Having arrived in the vicinity of the Newell farm, the box disappeared. The story of the midnight burial of the giant must be left to the imagination. It is not difficult to picture the scene: the shadowy light of the lanterns revealing the figures of the men busy about the inert figure, the rasp of iron and the splitting of wood as the box was opened, the creak of machinery as slowly and carefully the stone figure was lowered into its waiting grave, and the water seeped up around it. The earth was filled in and the top smoothed off. Probably there was no one to repeat the burial formula but the future developments indicate that the spectators were not without a belief in the resurrection of the body they had so carefully buried.

And so the mystery of the "Cardiff Giant" was solved. The owners made frantic efforts to refute the evidence but in vain, for in the midst of their protestations, Hull, who apparently enjoyed the joke and who had realized financially on the scheme before the gossip about the planting of the giant had been verified, made public the whole story of the swindle.

In addition to confirming the main points of the story of the wanderings of the gypsum-block and the stone giant, Hull explained where he received the suggestion of the plan. While on a visit to relatives at Ackley, Iowa, he had entered upon a discussion with a Methodist revivalist and in the argument concerning the belief in Biblical stories, Hull who was himself an atheist received the inspiration of the burying and resurrection of the giant.

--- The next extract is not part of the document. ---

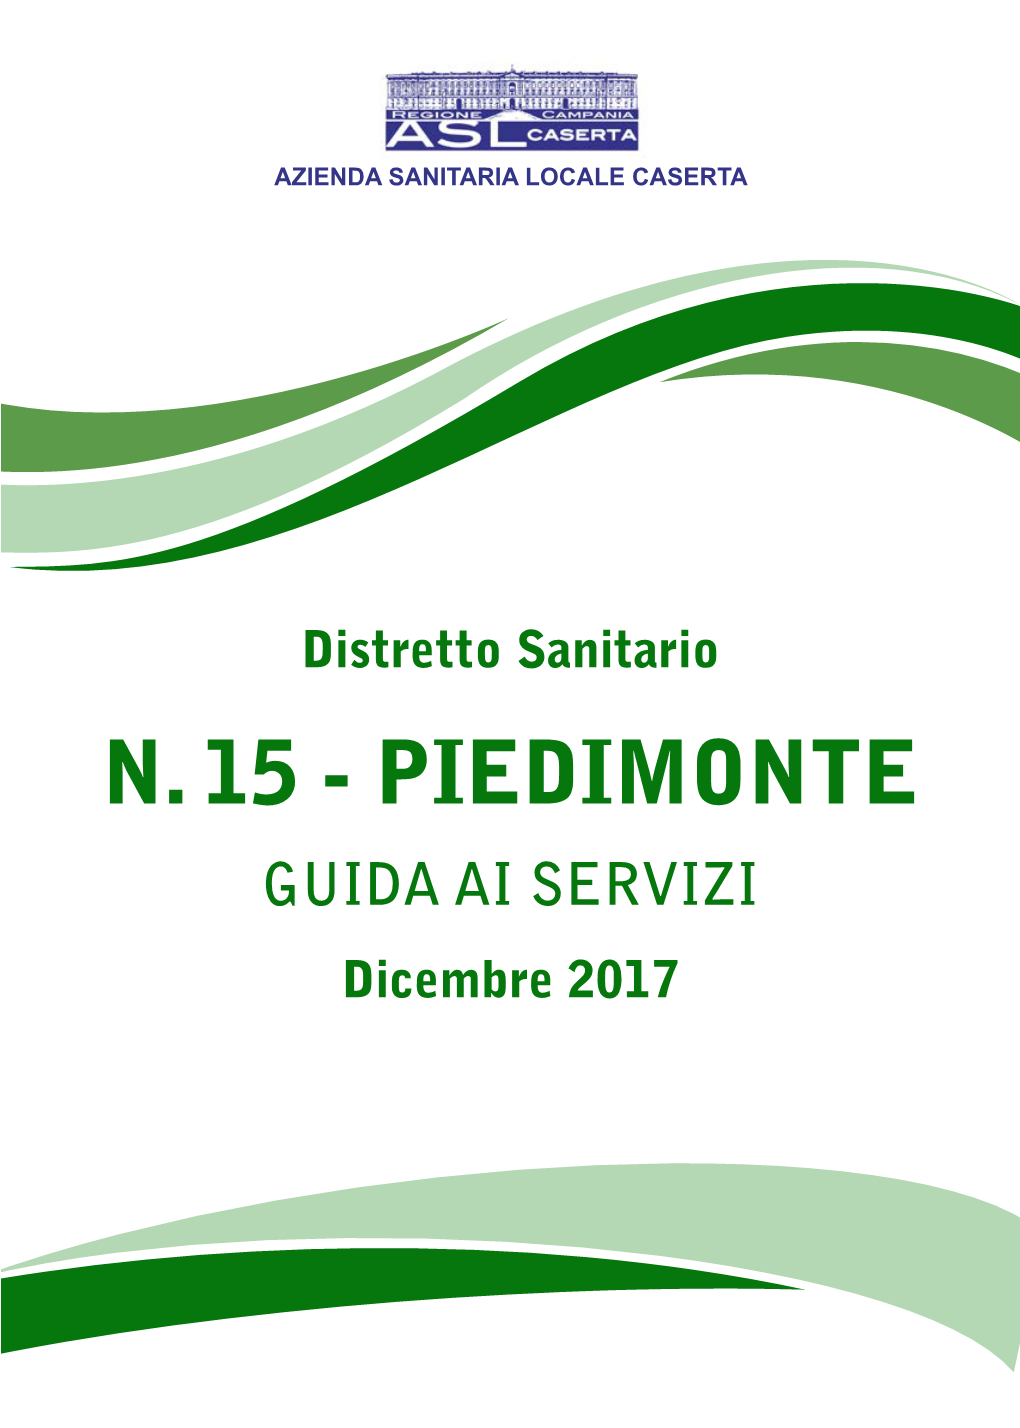 N. 15 - PIEDIMONTE GUIDA AI SERVIZI Dicembre 2017

These revelations would seem to be sufficient to destroy all belief and curiosity in the stone giant, but in spite of them a graduate student of Yale, named Alexander McWhorter, made a study of the "Cardiff Giant". He discovered on the figure an inscription in ancient Phoenician letters and evolved the theory that here was a Phoenician idol. No one else was ever able to see this inscription, but McWhorter wrote an article elaborating his theory and had it published in a prominent magazine. Dr. White of the Yale Medical School also examined the figure and of the discussion between these two men, Andrew D. White says: "Dickens in his most expansive moods never conceived anything more funny than the long, solemn discussion between the erratic Hebrew scholar and the eminent medical professor at New Haven over the 'pores' of the statue, which one of them thought 'the work of minute animals, which the other thought elaborate Phoenician workmanship, which both thought exquisite, and which the maker of the statue had already confessed that he had made by rudely striking the statue with a mallet faced with needles."

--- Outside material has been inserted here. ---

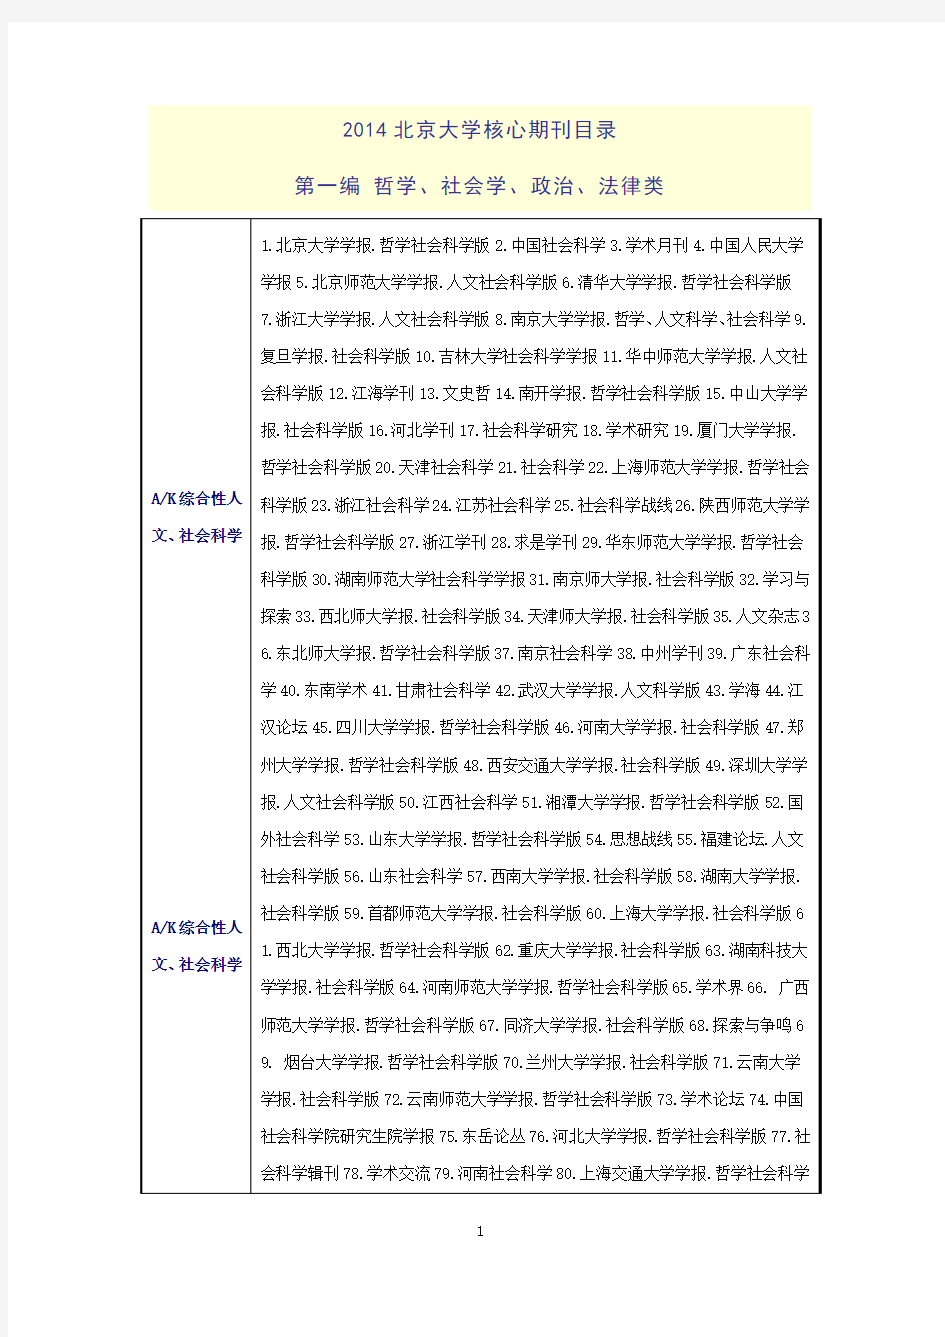 中文核心期刊要目总览(北大2014年版)

But no theories could restore the popularity of the "Cardiff Giant". Some of the enterprising citizens of Fort Dodge- W. H. Wright, Dr. McNulty, and the editor of The Iowa North West — collected the evidence and published it in a pamphlet entitled The Cardiff Giant Humbug, concluding with a modest advertisement of Fort Dodge. These pamphlets were sent to New York and sold in the town in which the "Cardiff Giant" was being exhibited. The promoters made frantic efforts to stop their sale, but enough were distributed to expose the claims of the giant. Although it continued to be exhibited for some time in spite of the appearance of a rival and the story of its real origin, the returns soon diminished and the colossus was finally stranded at Fitchburg, Massachusetts, where it was held for storage charges. It was put on exhibition at the Pan-American Exposition at Buffalo in 1901, but at the close of the Exposition it was returned to Fitchburg, where it was stored in an old barn.

It was felt, however, that the old giant should be returned to its home at Fort Dodge, and it was purchased by Joseph B. Mulroney from the heirs of the estate to which it belonged and brought back to Fort Dodge, where it has been exhibited from time to time. It is now owned by Hugo Schultz of Huron, South Dakota, but it remains in charge of the Brady Transfer and Storage Company at Fort Dodge. Although in retirement, the "Cardiff Giant" was the chief guest at a "wake" given in Fort Dodge to visiting advertising men in convention there in the spring of 1921—an honor, indeed, which the old giant well deserved.